Ook al proberen wij te leven naar de wil van God en ook al hebben wij schijnbaar succes in onze pogingen om goed te leven, toch zijn al onze eigen werken zo besmet met trots, zelfzucht, hebzucht of onzuivere gevoelens of gedachten, dat ze in de ogen van God geen enkele waarde hebben. God beschouwt “al onze gerechtigheden als een bezoedeld kleed”. Jes. 64: 6.
Hoe kunnen wij dan rechtvaardig voor God leven? Waar ligt het antwoord op deze belangrijke vraag?
Wij worden gerechtvaardigd door het geloof in Jezus Christus.

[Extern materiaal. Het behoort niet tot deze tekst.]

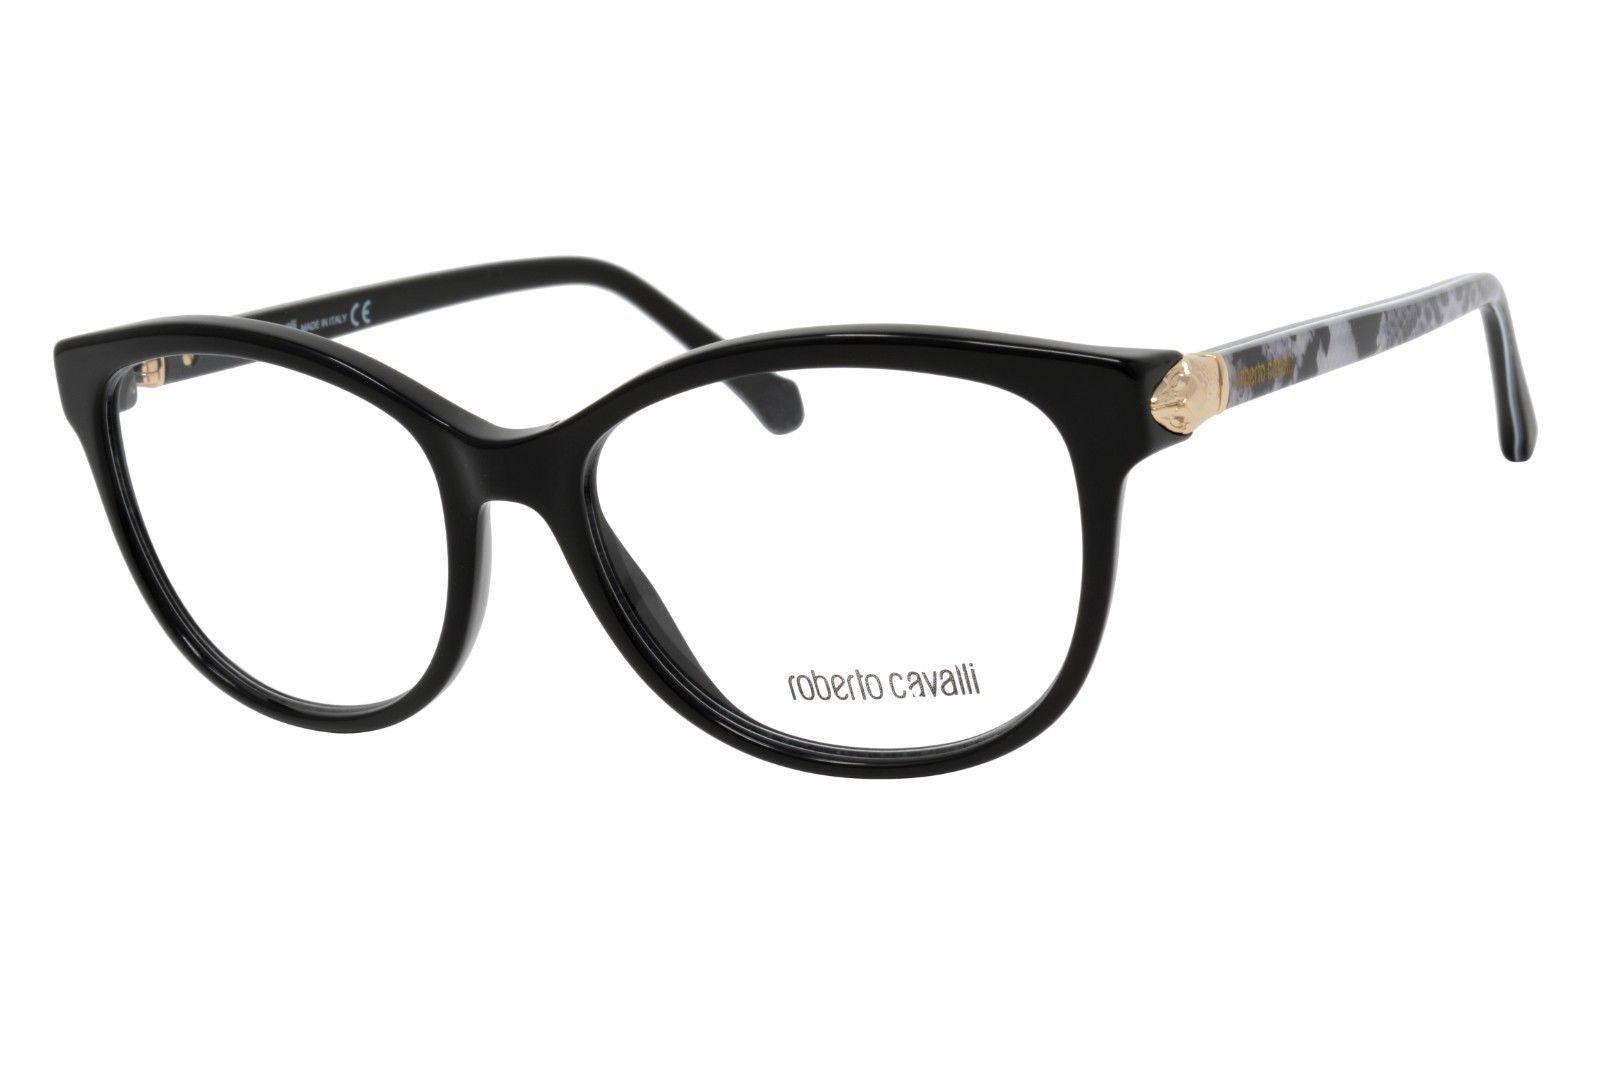 7af7f7efd93 Roberto Cavalli women s eyeglasses RAS 941 and 50 similar items. 57
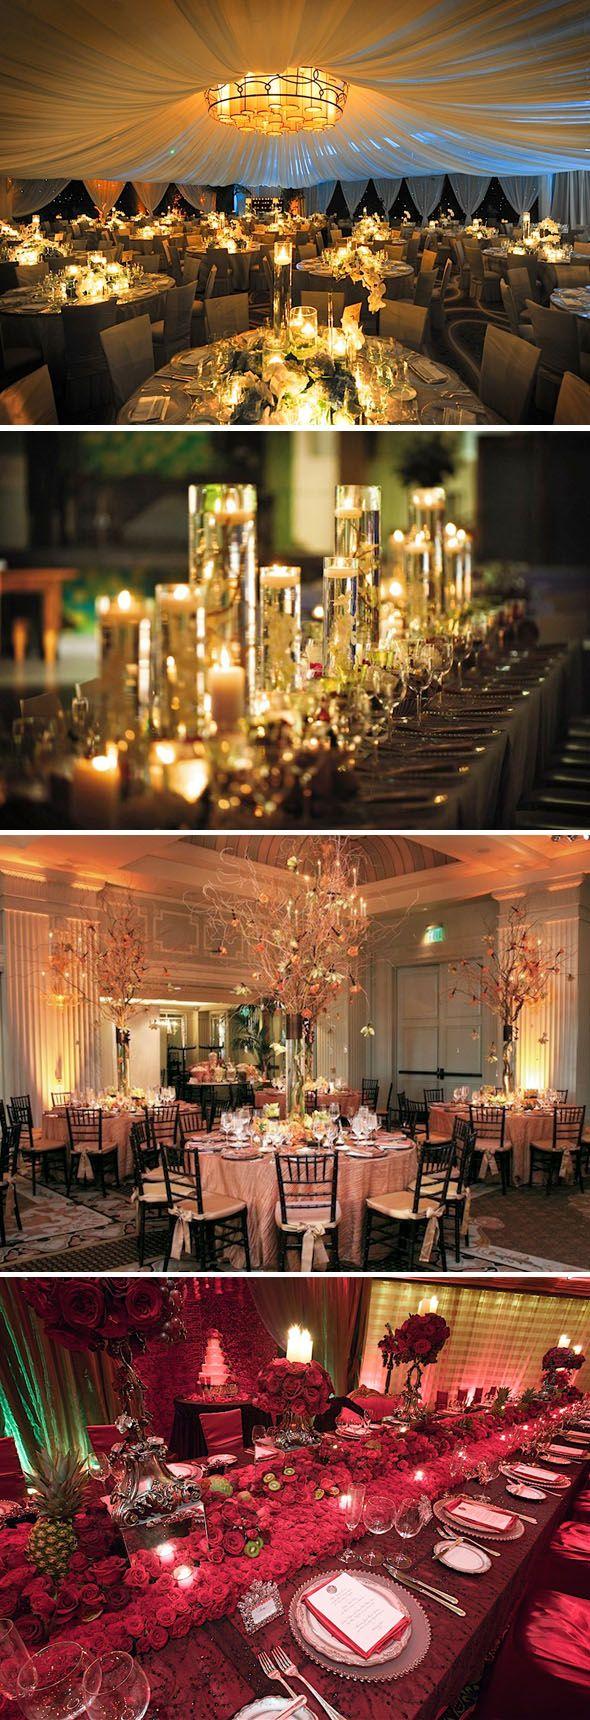 Candlelight & Centerpieces #Luxury #Wedding #Centerpieces

Geloof in Zijn bloed om onze zonden te bedekken en geloof in Zijn gerechtigheid die ons wordt
toegerekend. “… die is overgeleverd om onze overtredingen en opgewekt om onze rechtvaardiging.” Rom. 4: 25. “Hem, die geen zonde gekend heeft, heeft Hij voor ons tot zonde gemaakt, opdat wij zouden worden gerechtigheid Gods in Hem.” 2 Kor. 5: 21.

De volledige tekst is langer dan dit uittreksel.